Throughout the interviews with the smallholder farmers, we tried to formulate questions in a neutral way and to avoid leading questions in order to assure validity and comparability between the interviews. Due to the technicality of the topic, we tried to simplify the concept and made sure to frame the questions in an easily understandable way. We realised that the understanding and talkativeness of each informant varied a lot and hence questions in some of the interviews were leading, which we deemed necessary in order to grasp and understand the informant as complete as possible. After each interview, we offered our contact information so they could contact us in case of any further questions. From the informants that agreed, we recorded the interviews in order to assure that no points were missed. For the ones that did not want the interview recorded, extensive notes were taken throughout the interviews. However, we know that this puts the data at risk of interviewer bias, as the notes reflect our interpretations of the information provided by the informants.

3.4.3 Data Processing and Coding

To ensure that we got the most out of our data and that it was available for a comprehensive analysis, we transcribed the interviews shortly after they were conducted (Appendix 1-10).

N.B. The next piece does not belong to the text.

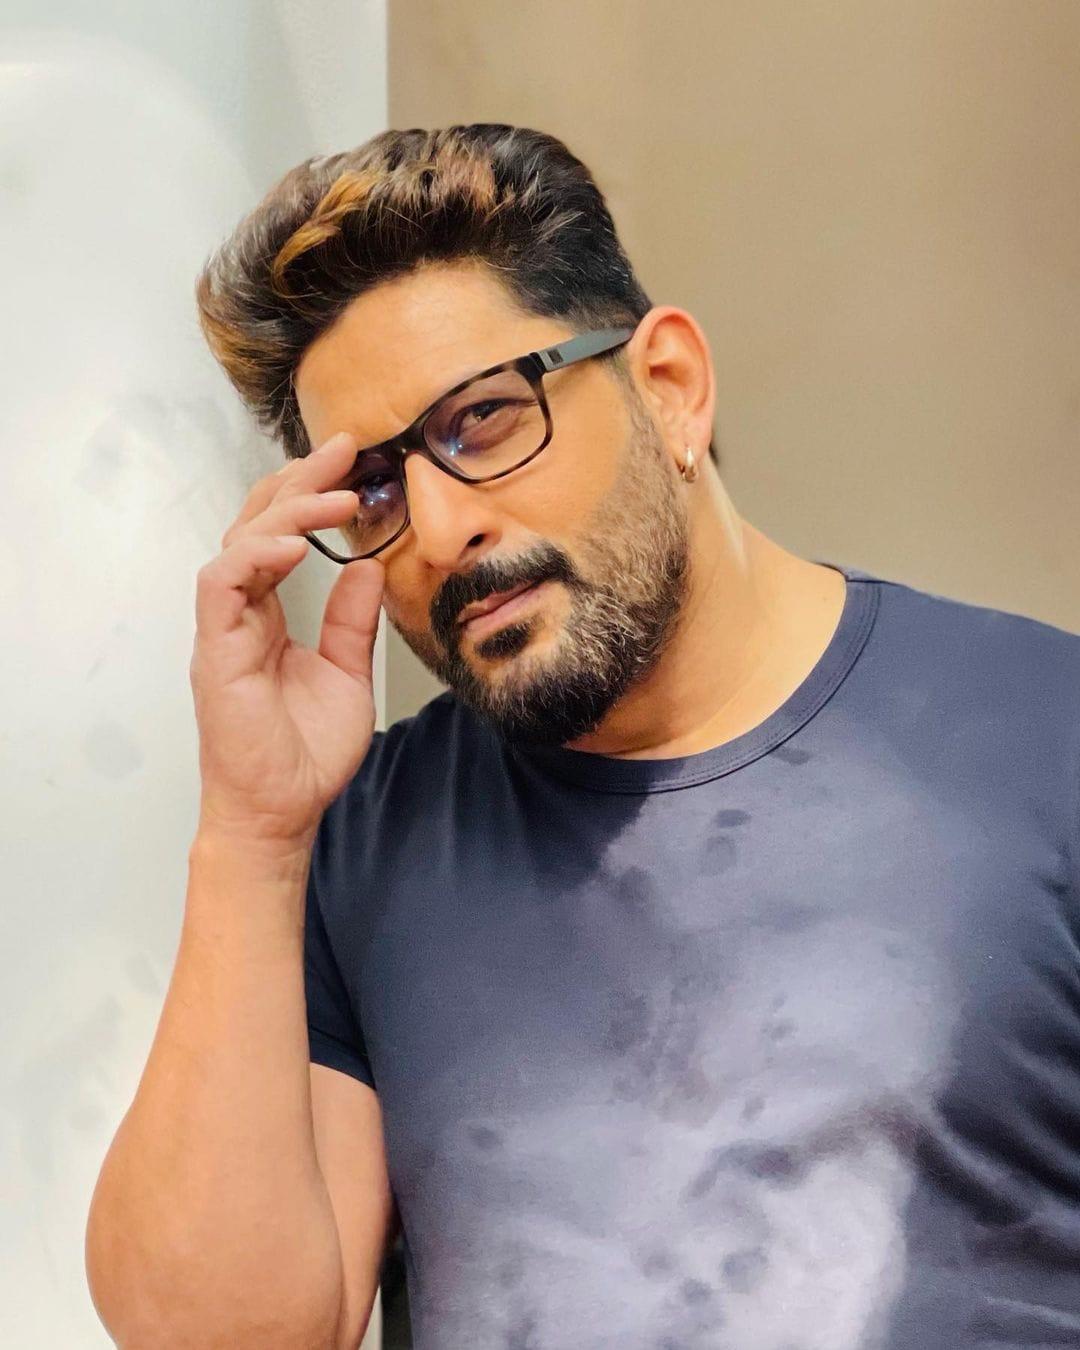 अरशद वारसी अपने कॉमेडी से दर्शकों का खूब मनोरंजन करते हैं. यूं तो उन्होंने कई फिल्में की हैं लेकिन संजय दत्त के साथ आई फिल्म 'मुन्नाभाई एमबीबीएस' से असली पहचान मिली. (फोटो साभार: arshad_warsi/Instagram)

This meant that our memories were still present and it decreases the risk of missing important points. In order to analyse our data systematically, we coded our farmer interviews (Appendix 12). We divided our findings into seven main determinants that we considered the most important for the smallholder farmers’ adoption of circular economy from the interviews. Having identified the seven main determinants, we were able to more precisely categorise our findings in terms of the main determinants’ impact on circular economy

adoption. Coding our data, we had in mind our unified understanding of circular economy practices in the agricultural sector. Our secondary data has been used to support or oppose the findings from our primary data.